Field Type Description
id string Asset UUID
type string Asset object type
kind string Stable Curio asset kind for scripting, such as organizerfolder, organizersection, or image
asset_file_kind string Human-readable asset display/file kind, if applicable
title string Asset title
tags [string] Asset tags
note string Asset note text, if present
asset_file string Underlying file path, if the asset has one
section_path string Section hierarchy containing the asset
organizer_path string Organizer path under the containing section, if applicable
parent_id string UUID of the containing Organizer parent; only present with --organizer_order
parent_title string Title of the containing Organizer parent; only present with --organizer_order
depth number Hierarchy depth relative to the requested section or parent; only present with --organizer_order
index number Zero-based position within the containing Organizer parent; only present with --organizer_order
container_kind string Kind of Organizer parent containing the asset, such as section, folder, or ideaspace; only present with --organizer_order
added_date string Added date in YYYY-MM-DD or YYYY-MM-DDTHH:MM format
modified_date string Modified date in YYYY-MM-DD or YYYY-MM-DDTHH:MM format

JSON Output and Exit Codes

All commands print JSON responses. On success the response contains response_ok: true; on failure it contains response_ok: false plus an error dictionary.

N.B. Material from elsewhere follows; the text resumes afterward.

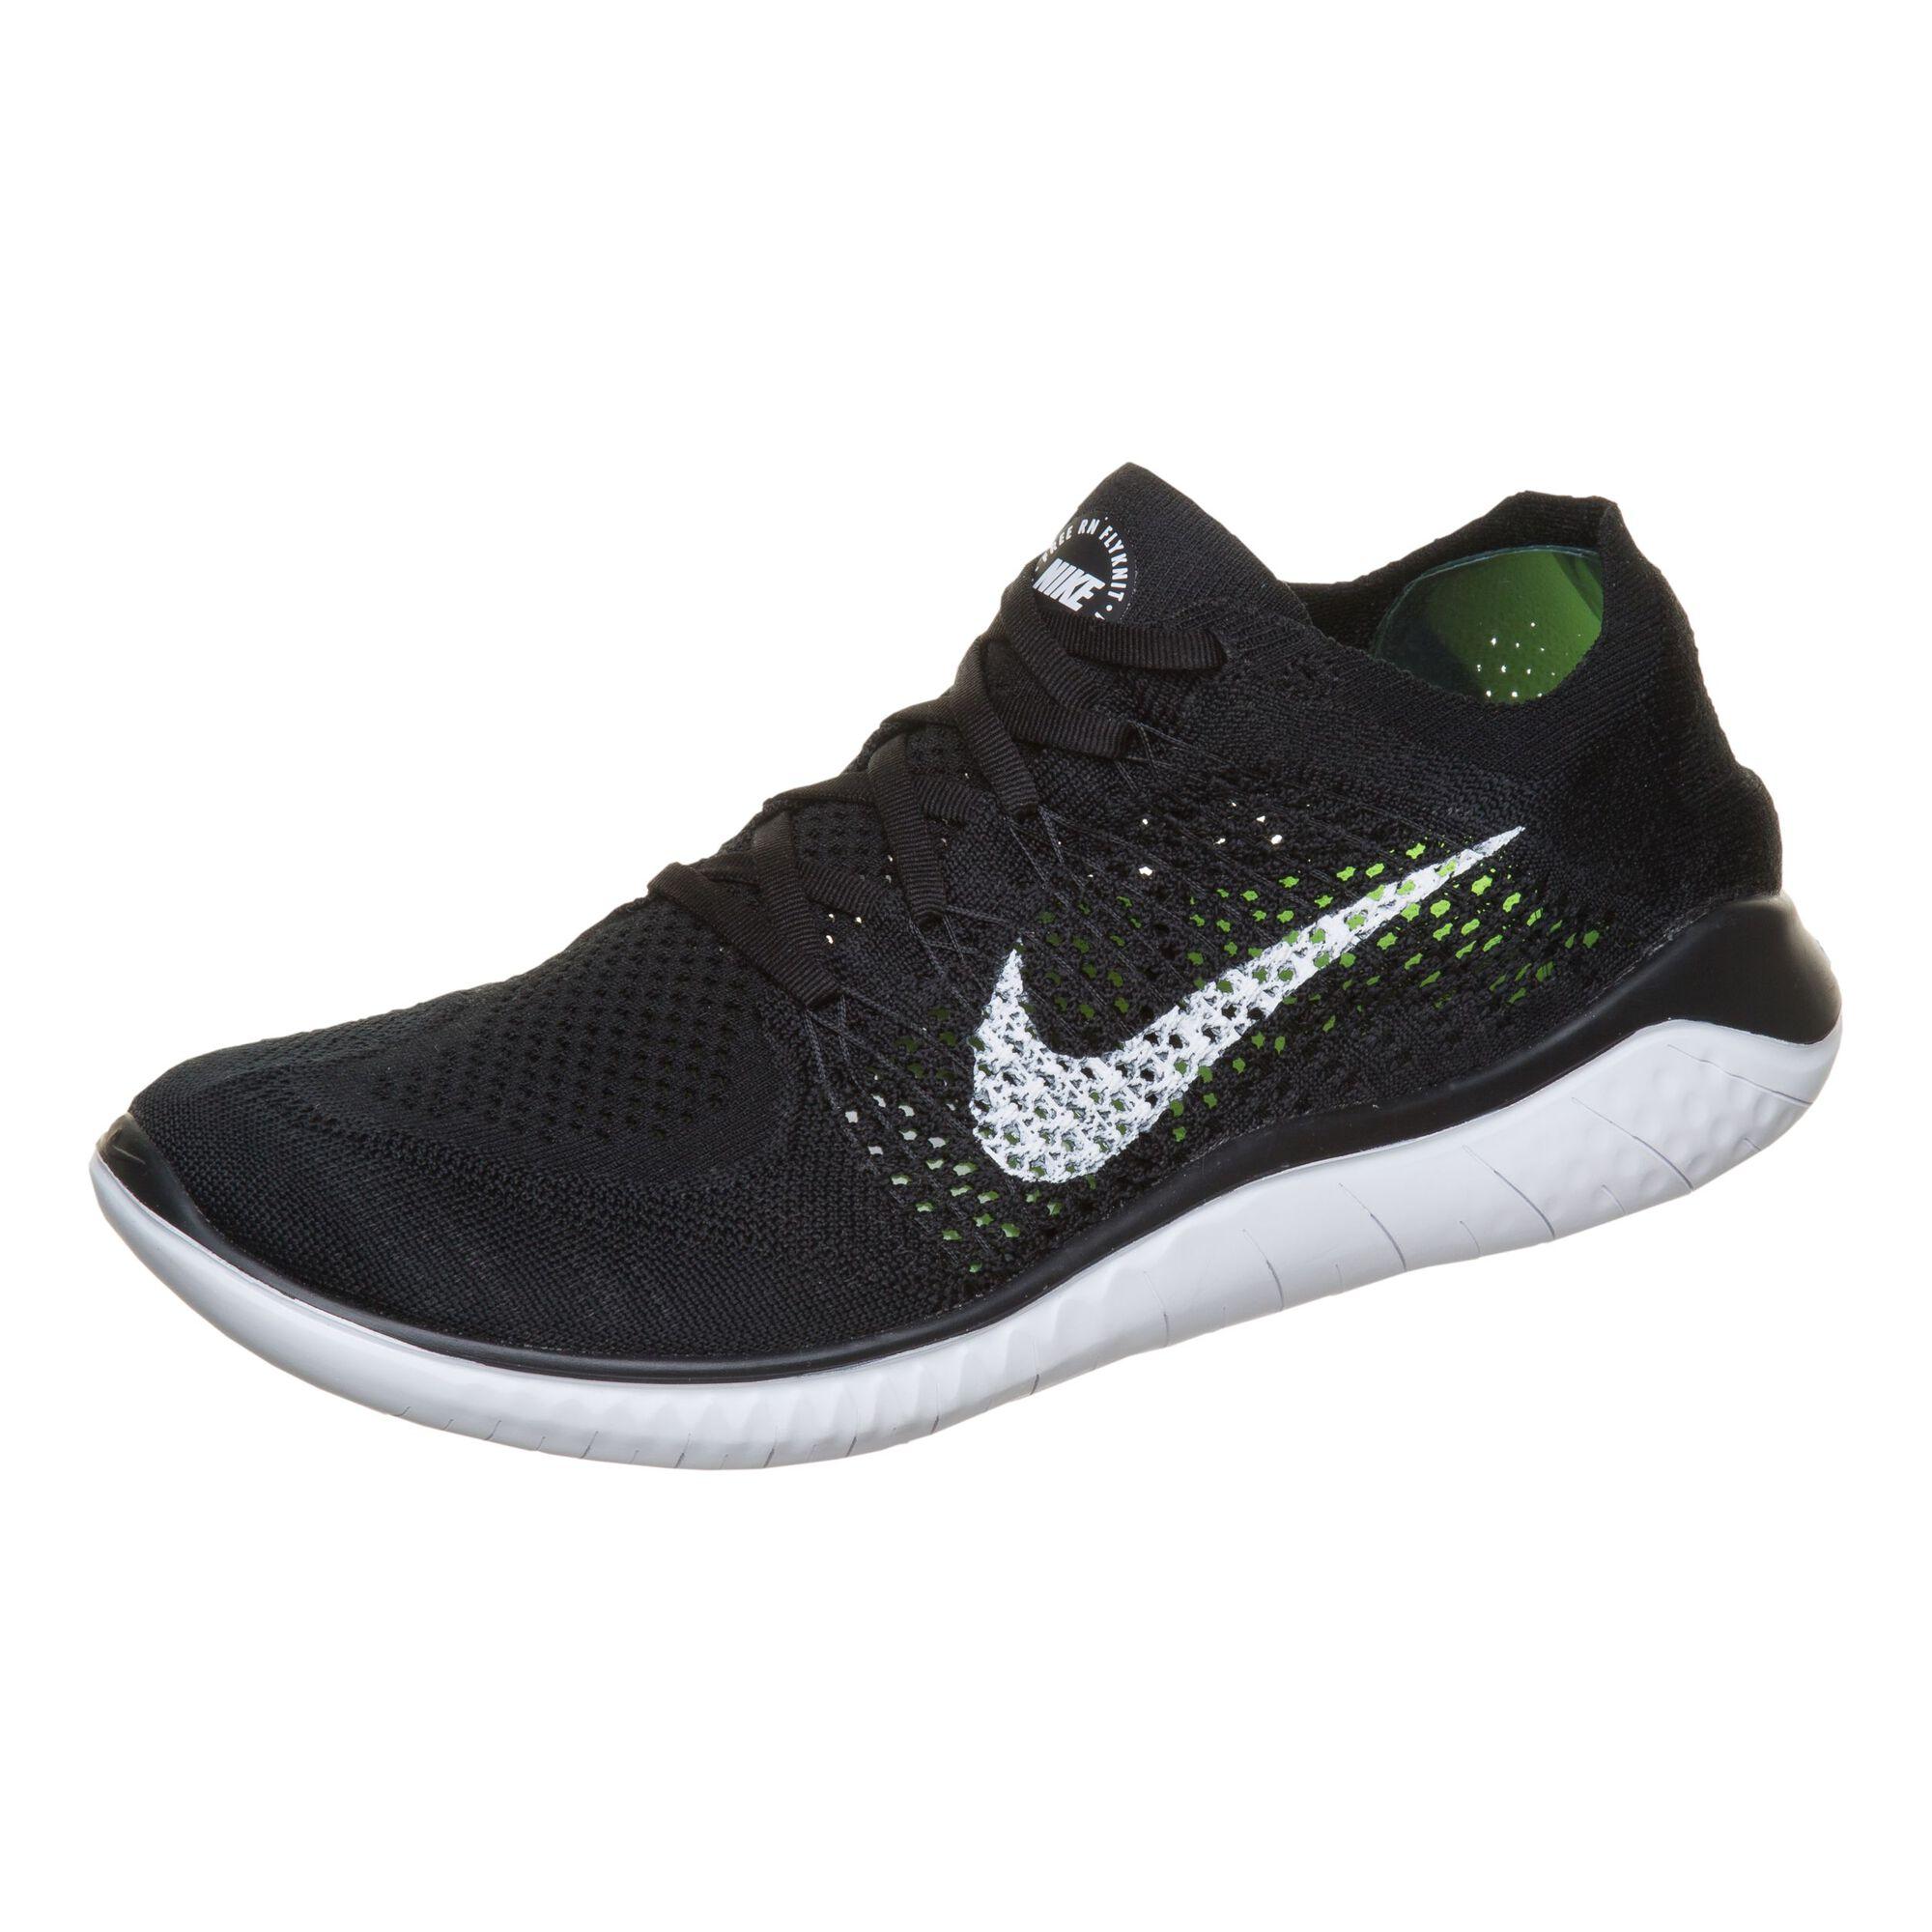 promo code 45607 524df Nike Free Run Flyknit 2018 Natural-Running Schuh Herren - Schwarz ...

A typical success response looks like this:

{
  "api_version": 1,
  "app_version": "25.1",
  "response_ok": true,
  "result": {
    "items": [
      {
        "id": "fig-abc",
        "title": "Write docs",
        "priority": 4
      }
    ]
  }
}

Exit codes are:

  • 0 for success
  • 1 for an API or runtime error
  • 2 for invalid command line usage

Common Errors

Error Meaning
NoSelection Nothing is selected
MultipleSelection More than one figure is selected when a single figure is required
SelectionNotTextCapable The selected figure does not support text for the requested operation
FigureNotFound The requested UUID or identifier could not be found
ReadOnlyField You tried to write a read-only field
ReadOnlyTransport You tried to write through a read-only transport
NotActivated Curio needs to be launched to refresh CLI activation
InvalidRequest The command or supplied values were not valid, or an identifier matched multiple targets
InternalError An unexpected internal failure occurred

Tip

If you are scripting against the CLI, check the response_ok field in the JSON response and the process exit code.

Troubleshooting

If a command says it cannot connect, Curio is not running and the command requires the live app. Launch Curio and try again.

If --project mode returns NotActivated, launch Curio once so it can refresh the CLI activation token.

If a selection-based command fails, confirm that the correct project window is frontmost and that the expected figures or Organizer items are selected.